The aim of asthma treatment during pregnancy is to avoid flare-ups. This helps to ensure that the fetus gets a steady supply of oxygen, reducing the likelihood of complications.

A doctor will step up treatment according to the severity of a woman's symptoms, then reduce the medications once the symptoms are under control.

The doctor will monitor the woman's lungs and adjust the treatment plan accordingly. They may also perform an ultrasound to check on the baby's development.

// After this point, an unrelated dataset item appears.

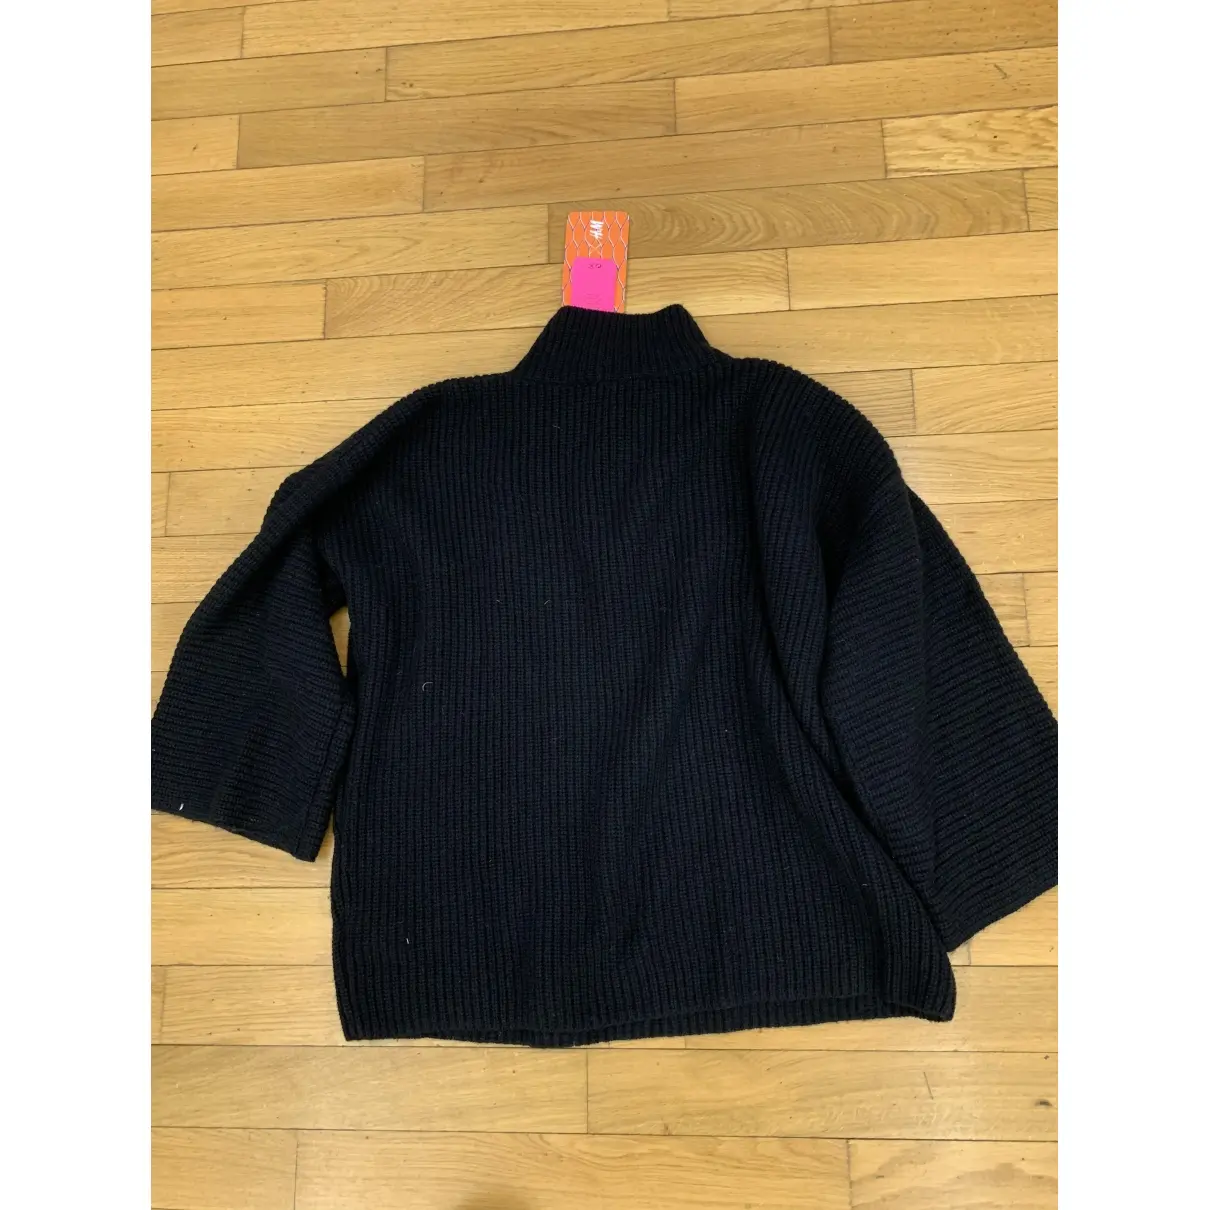 Kenzo x H&M Wool jumper for sale

Strategies to prevent asthma complications during pregnancy include:

  • seeing the doctor regularly
  • taking medication as prescribed
  • getting a flu shot, as the flu can trigger an asthma flare-up
  • avoiding asthma triggers, including quitting smoking
  • reducing stress, for example through yoga, mindfulness, or meditation
  • eating small meals and not lying down immediately afterward to reduce the risk of heartburn, which can worsen asthma symptoms
  • recognizing early signs of a flare-up and seeing the doctor when this happens

During pregnancy, asthma that is not well-managed can cause health complications for the woman and the baby. Preeclampsia, restricted growth, low birthweight, premature birth, and the need for a cesarean delivery become more likely.

Following a treatment plan is the best way to manage asthma symptoms.

Well-controlled asthma does not increase the risk of complications, and many women with asthma have healthy pregnancies.